Unidecode.NET icon indicating copy to clipboard operation
Unidecode.NET copied to clipboard

Huge Memory Consumtion

Open adamfur opened this issue 4 years ago • 3 comments

Created a dotnet 5 project with the nuget reference, the application consumed 70MiB RSS memory.

static async Task Main(string[] args)
{
    while (true)
    {
        Console.WriteLine(Guid.NewGuid().ToString().Unidecode());
        await Task.Delay(TimeSpan.FromSeconds(1));
    }
}

Thought it was quite a lot of memory for such a small library, created a new dotnet 5 project with a project reference to the source code of the master branch, and the application consumed 200 MiB RSS memory??? Removed the partial (Diff below) and the RSS memory shrunk down to 5 MiB RSS.

diff --git a/src/Unidecoder.Characters.cs b/src/Unidecoder.Characters.cs
index dd8cdac..3b4d792 100644
--- a/src/Unidecoder.Characters.cs
+++ b/src/Unidecoder.Characters.cs
@@ -27,11 +27,11 @@ using System.Collections.Generic;
 
 namespace Unidecode.NET
 {
-    public static partial class Unidecoder
+    public static class Unidecoder2
     {
-        private static readonly Dictionary<int, string[]> characters;
+        public static readonly Dictionary<int, string[]> characters;
 
-        static Unidecoder()
+        static Unidecoder2()
         {
             characters = new Dictionary<int, string[]> {
                 {0 /*0 000*/, new[]{
@@ -605,4 +605,4 @@ namespace Unidecode.NET
             }
         }
     }
-    
\ No newline at end of file
+    
diff --git a/src/Unidecoder.cs b/src/Unidecoder.cs
index 558c725..1e1653e 100644
--- a/src/Unidecoder.cs
+++ b/src/Unidecoder.cs
@@ -6,7 +6,7 @@ namespace Unidecode.NET
     /// <summary>
     /// ASCII transliterations of Unicode text
     /// </summary>
-    public static partial class Unidecoder
+    public static class Unidecoder
     {
         /// <summary>
         /// Transliterate Unicode string to ASCII string.
@@ -42,7 +42,7 @@ namespace Unidecode.NET
                 {
                     var high = c >> 8;
                     var low = c & 0xff;
-                    if (characters.TryGetValue(high, out var transliterations))
+                    if (Unidecoder2.characters.TryGetValue(high, out var transliterations))
                     {
                         sb.Append(transliterations[low]);
                     }
@@ -71,7 +71,7 @@ namespace Unidecode.NET
             {
                 var high = c >> 8;
                 var low = c & 0xff;
-                result = characters.TryGetValue(high, out var transliterations) ? transliterations[low] : "";
+                result = Unidecoder2.characters.TryGetValue(high, out var transliterations) ? transliterations[low] : "";
             }
 
             return result;

adamfur avatar Jan 29 '21 10:01 adamfur

Can you make a PR for this?

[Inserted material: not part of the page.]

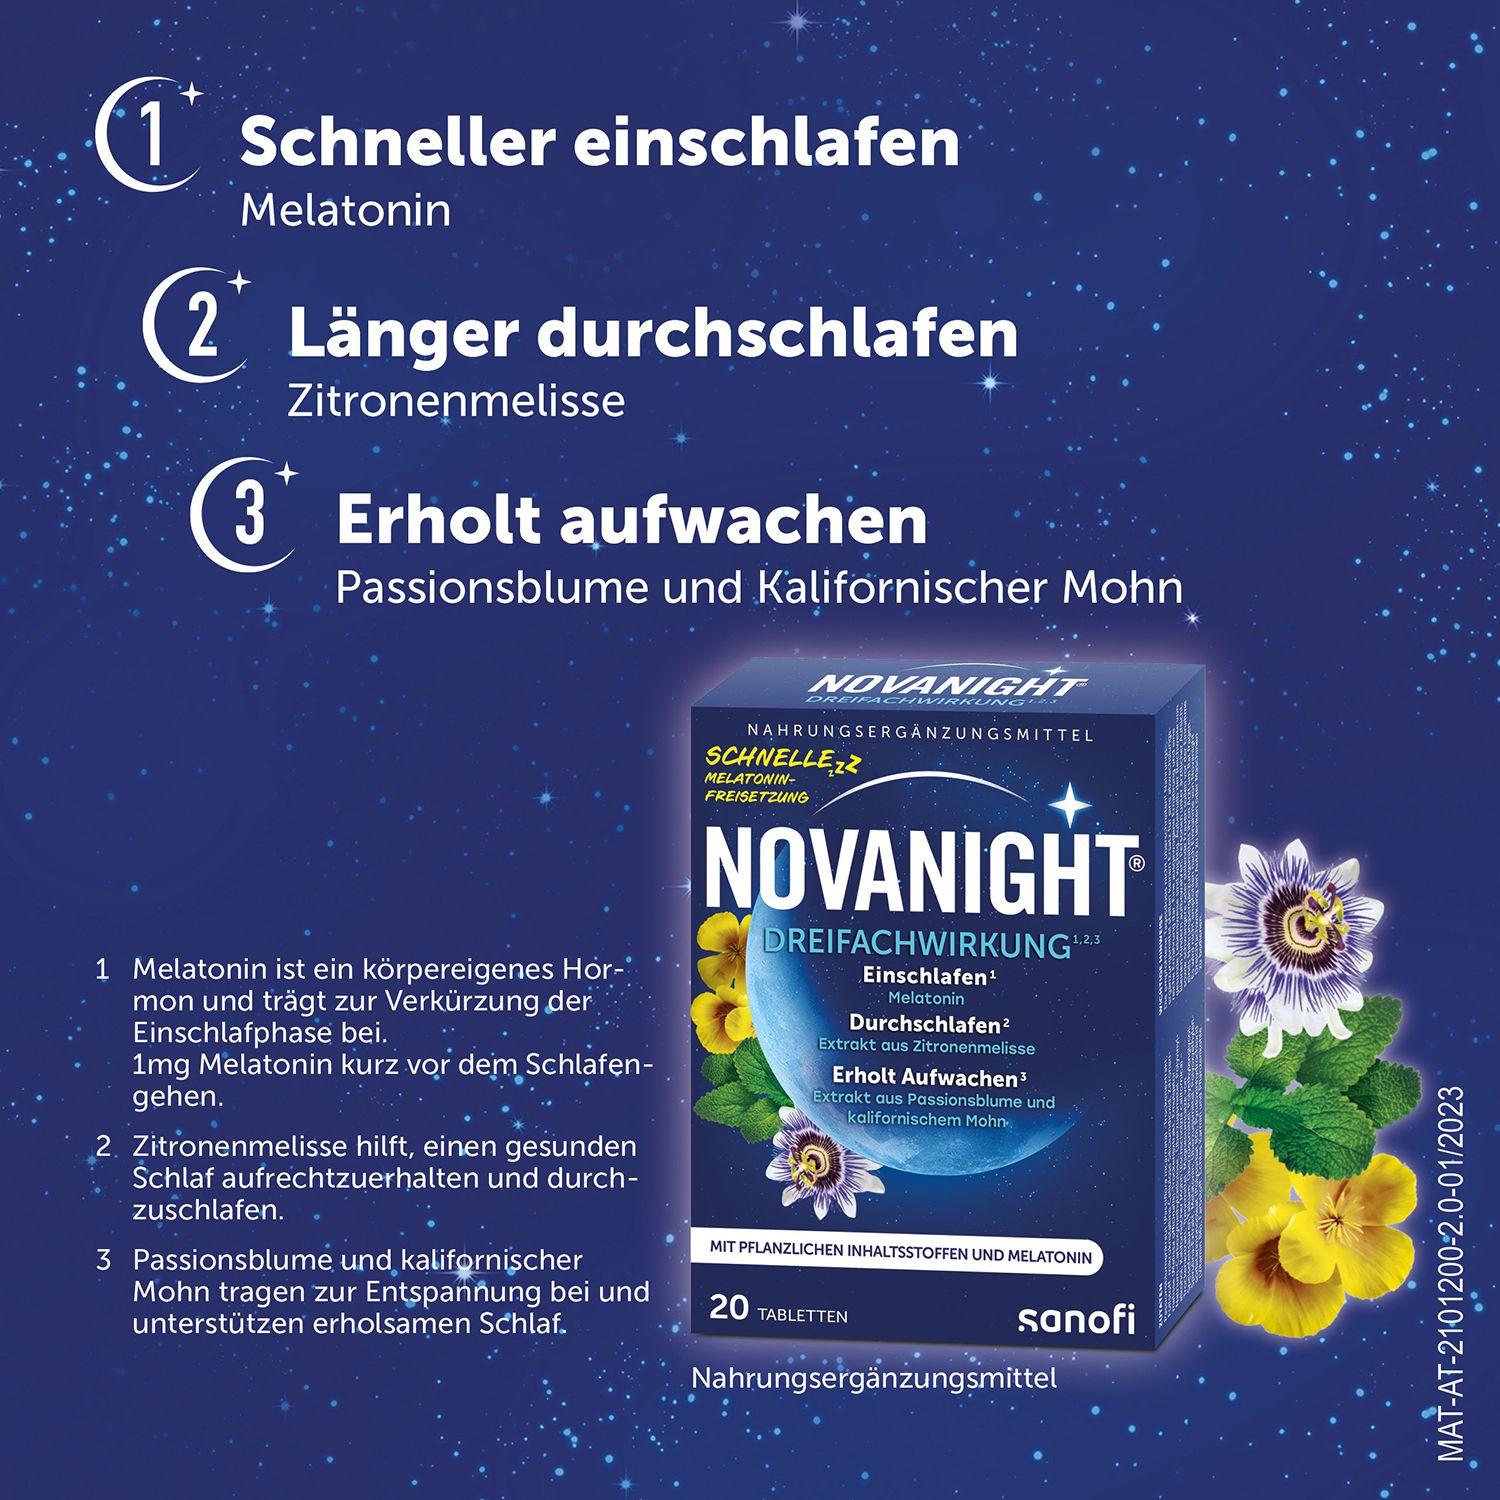 Novanight® Dreifachwirkung mit Melatonin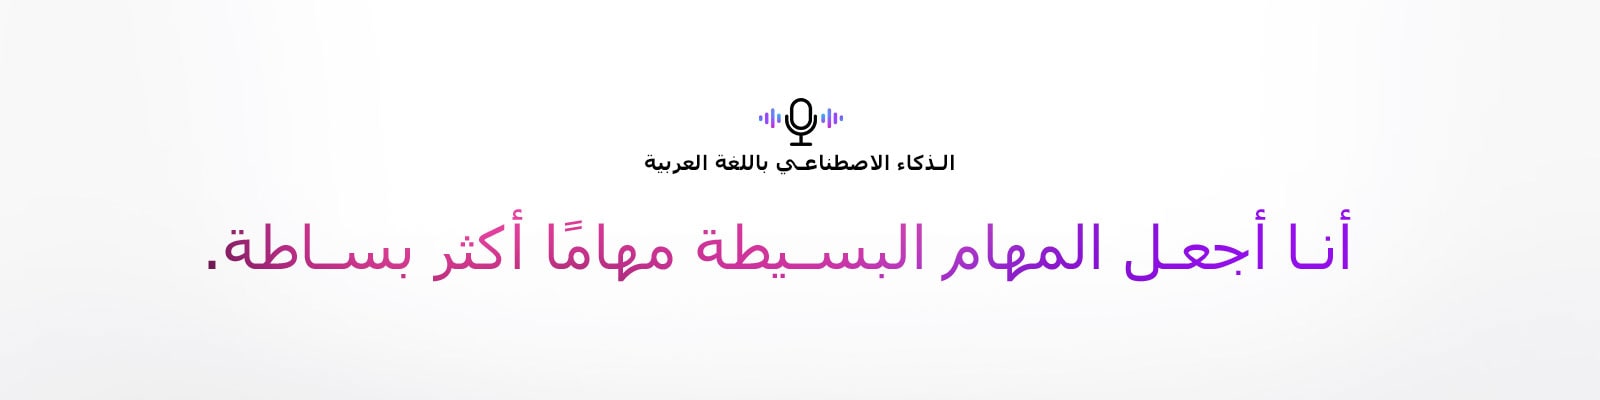 رمز الأمر الصوتي وجملة تقول "الذكاء الاصطناعي باللغة العربية". هناك جملة تقول "أنا أجعل المهام البسيطة مهامًا أكثر بساطة".

Seems like a huge memory improvement

RubenMateus avatar Mar 10 '21 11:03 RubenMateus

The memory consumption issue actually turned out to be stranger than that. I have a project, that included your code with the applied patch, it seemed to be working fine. Then after randomly adding some code or nuget, that had nothing to do with the library, the memory went ballooning again.

I was actually unable to solve it in a managed way, tried using lists instead of dictionaries, then a matrix, allocate strings with string.Internal() and various other methods. Ended up using your script to generate C-code and use with p/invoke in https://github.com/adamfur/Unidecode.NET/.

You could merge if you like, but code would turn non portable as of now.

adamfur avatar Mar 10 '21 11:03 adamfur

My pull request (https://github.com/thecoderok/Unidecode.NET/pull/16) now contains also a fix for this memory usage problem.

this issue has been mentioned also here: https://github.com/dotnet/runtime/issues/54688

reading that thread I learned that the problem in the static initialization of the characters dictionary: it is a huge initialization and it generates some complex code. I applied one of the fixes suggested in that thread: i totally scrapped the Unidecode.Characters.cs source code and initialized the characters variable at runtime from data read from an embedded resource file. I have modified the python script in order to generate that embedded resource file.

you can give it a try by pulling from this branch of mine: https://github.com/csm101/Unidecode.NET/tree/array_instead_of_dictionary

this fork is also 3 times faster in decoding (which was the first reason for which I forked it)

csm101 avatar Jul 03 '23 11:07 csm101